CNN: Unfashionable cities trying to create cool

CNN: Unfashionable cities trying to create cool

CNN July 14, 2004 home page link: Cities, states try to lure young professionals

The article focuses on programs in four cities actively seeking a younger, more creative, entrepreneurial population:

Michigan leads with its Cool Cities initiative to attract the creative class.

Philadelphia has a civic leadership and jobs program to retain its graduating students.

Memphis is investing in its citywide fiber optic network and music scene to lure a younger crowd.

Cleveland has an out-of-state-university summer internship program in which students stay with Cleveland families to get to know how cool the city really is.

It’s not easy. Bill Frey of the Brookings Institution in Washington DC found that cities with warmer climates and lower cost of living gained the most 25 to 34-year-olds from 1995 to 2000, including Atlanta, Dallas, Phoenix and Denver…
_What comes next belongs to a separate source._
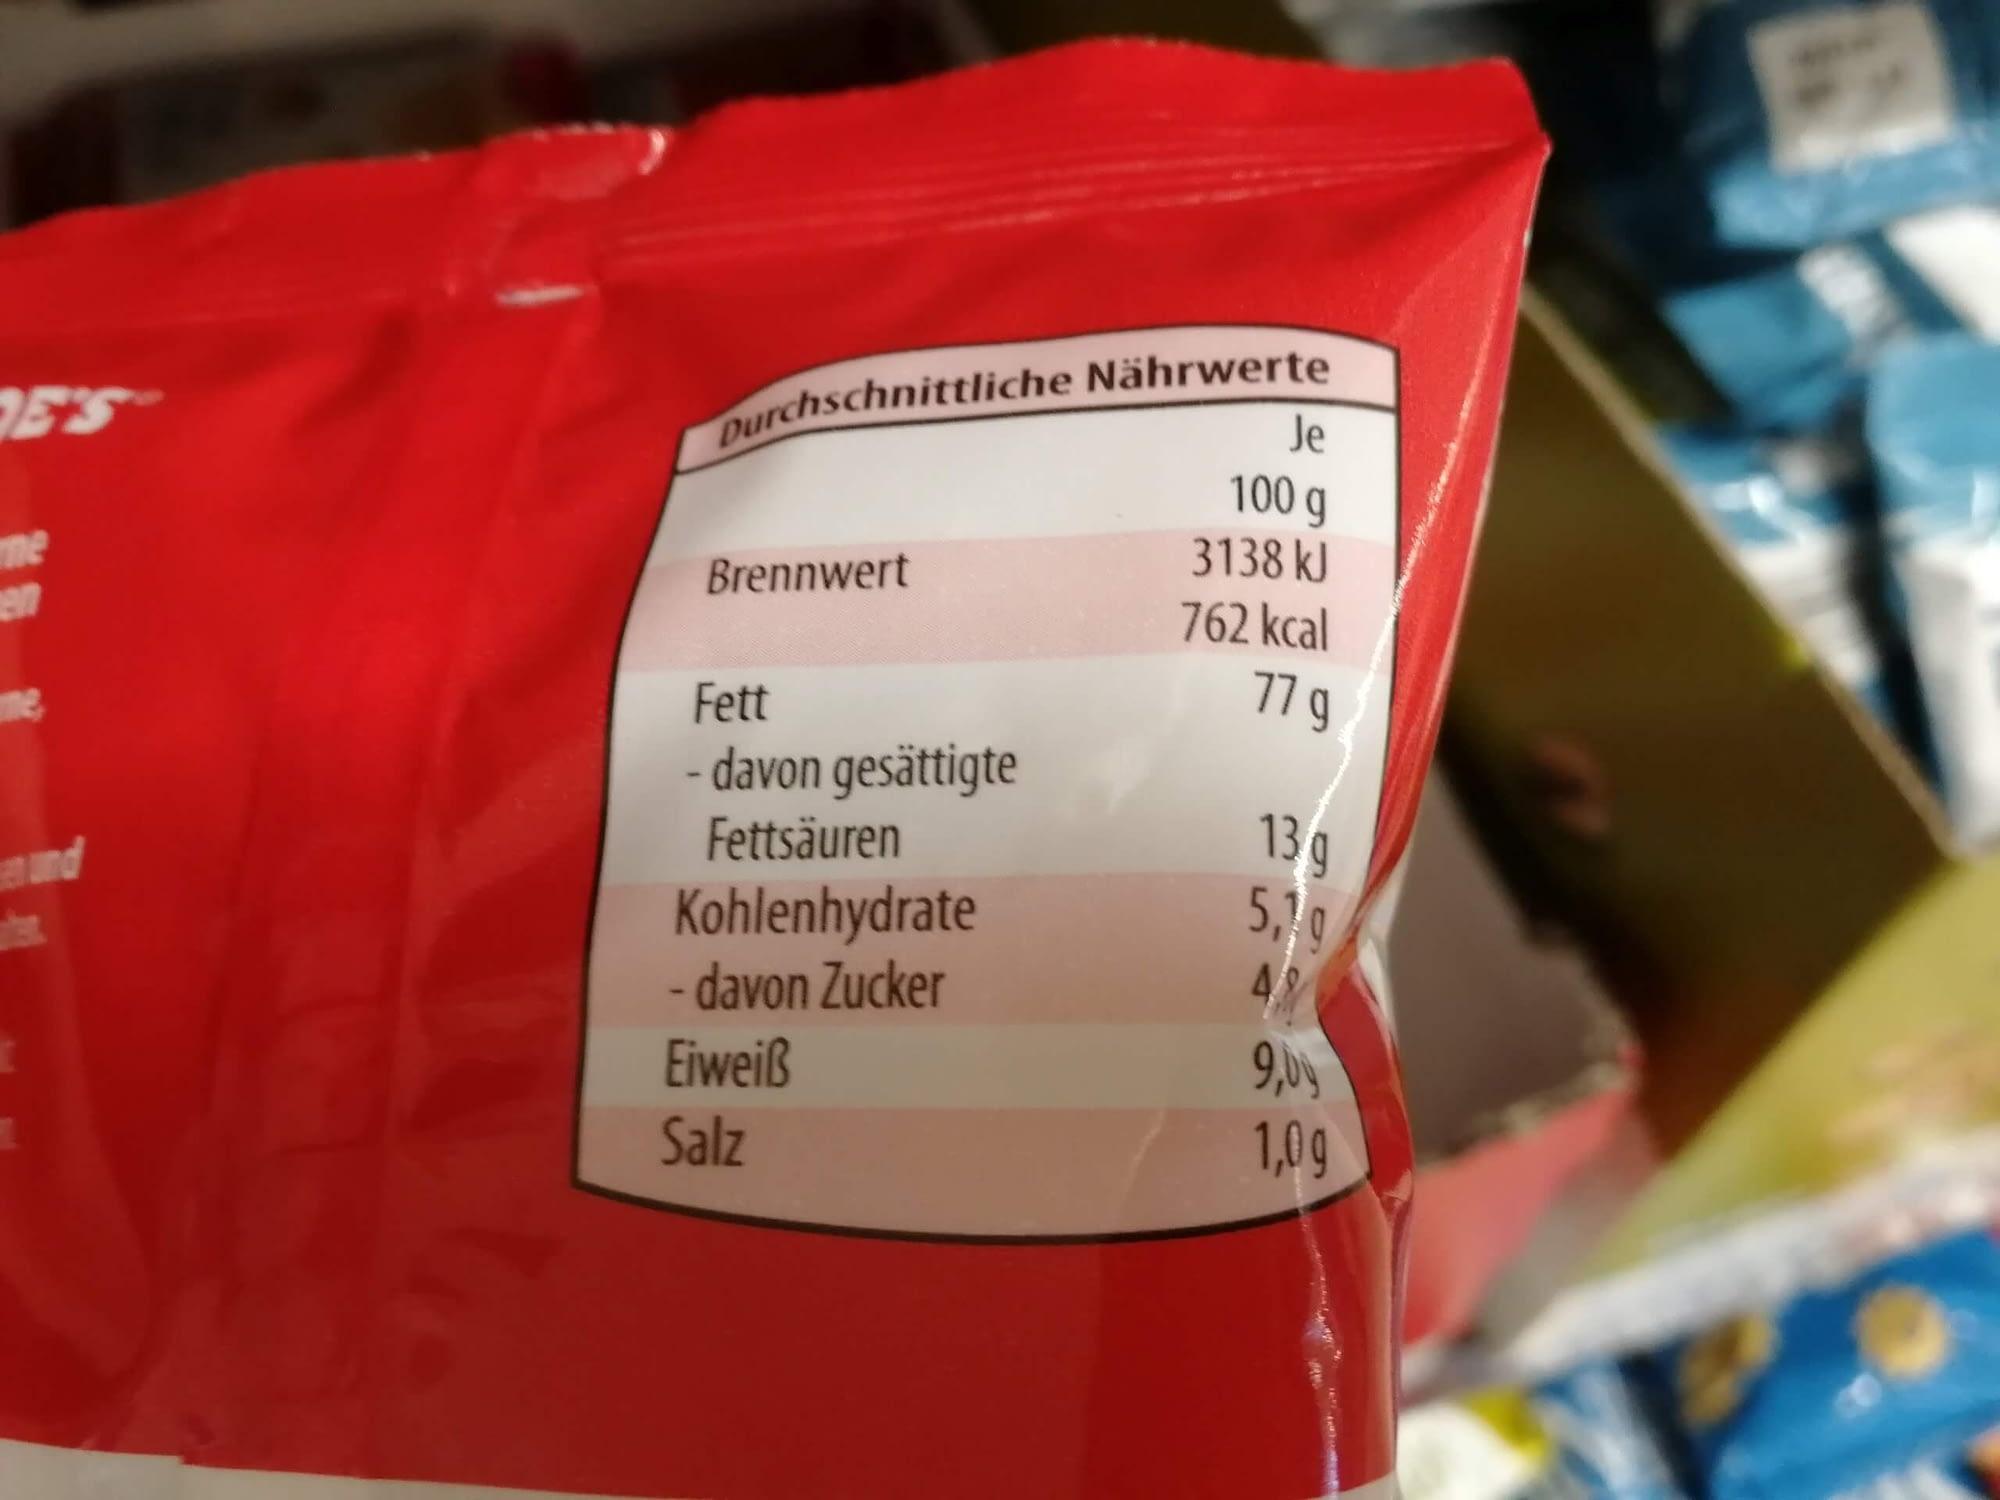 Keto-Snack-Aldi-Macadamia-Nährwerte
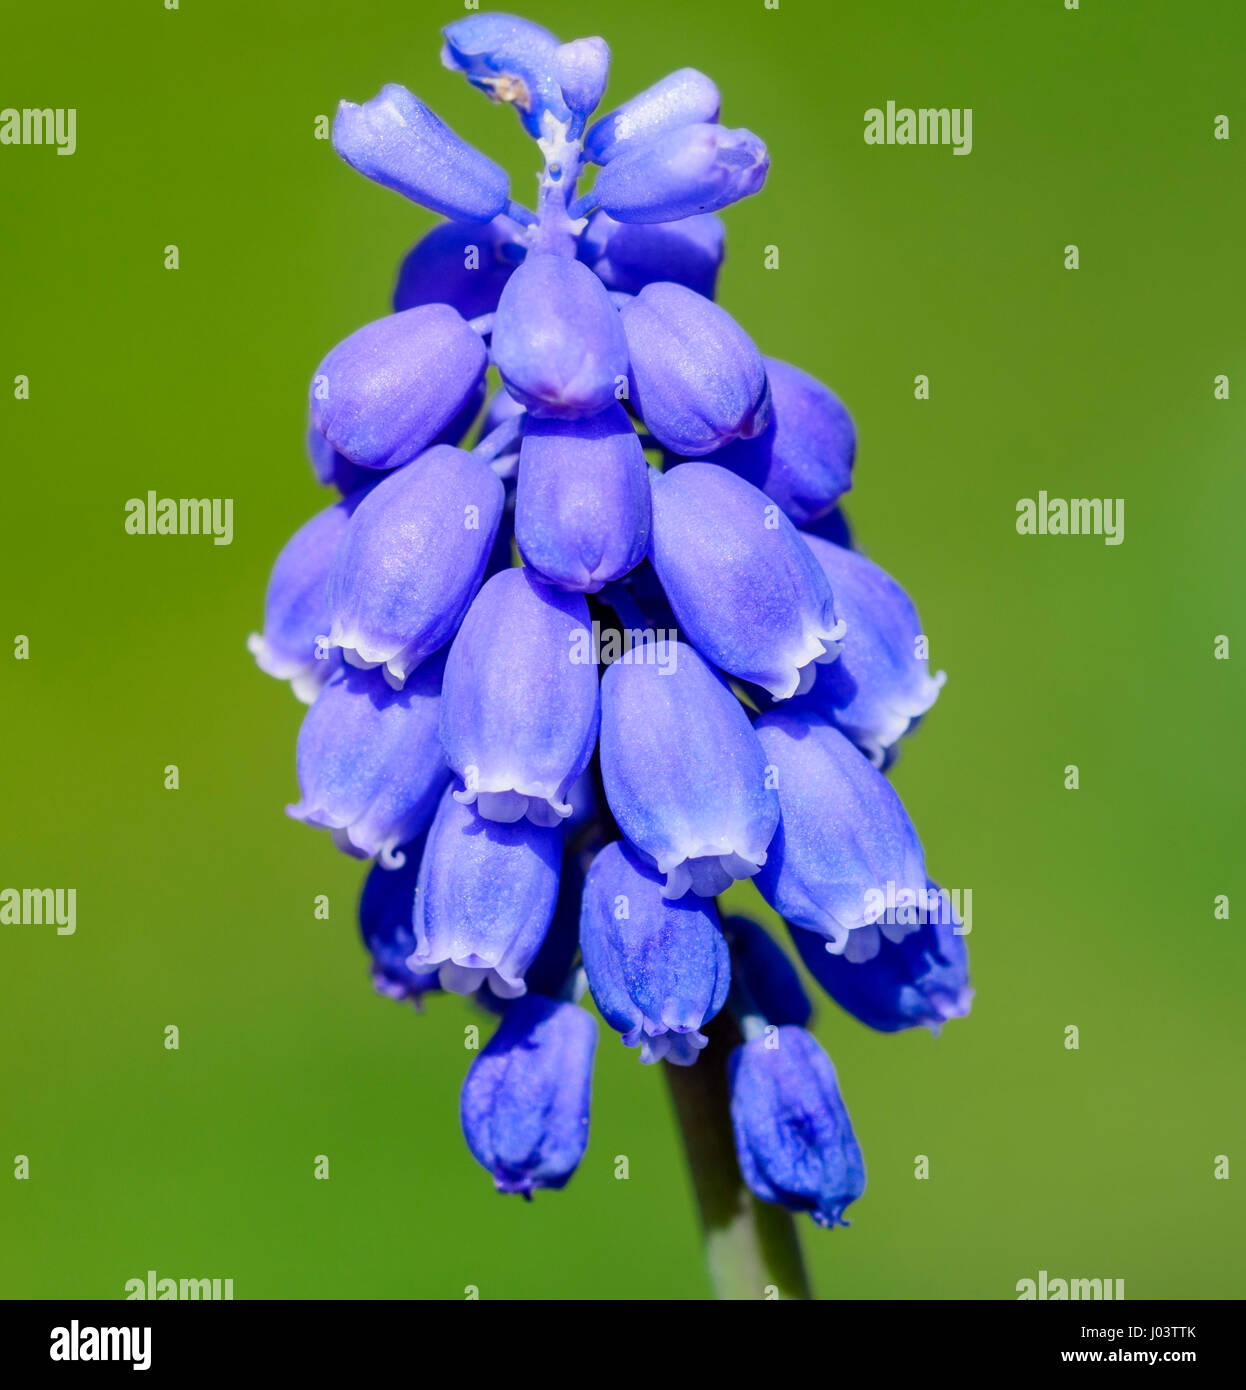 Grape Hyacinth. Close up of an Armenian Grape Hyacinth (Muscari armeniacum) plant in West Sussex, England, UK. Grape - Stock Image

Affordability is fundamental to CoolTowns, along with jobs and entertainment. However, if all things are equal, cities with warmer climates will always win out because the outdoors are included in the entertainment category – a huge advantage. Colder-climate cities have to work that much harder and providing stellar nightlife – like Manhattan, Chicago, Seattle, and smaller towns like Ann Arbor and Ithaca.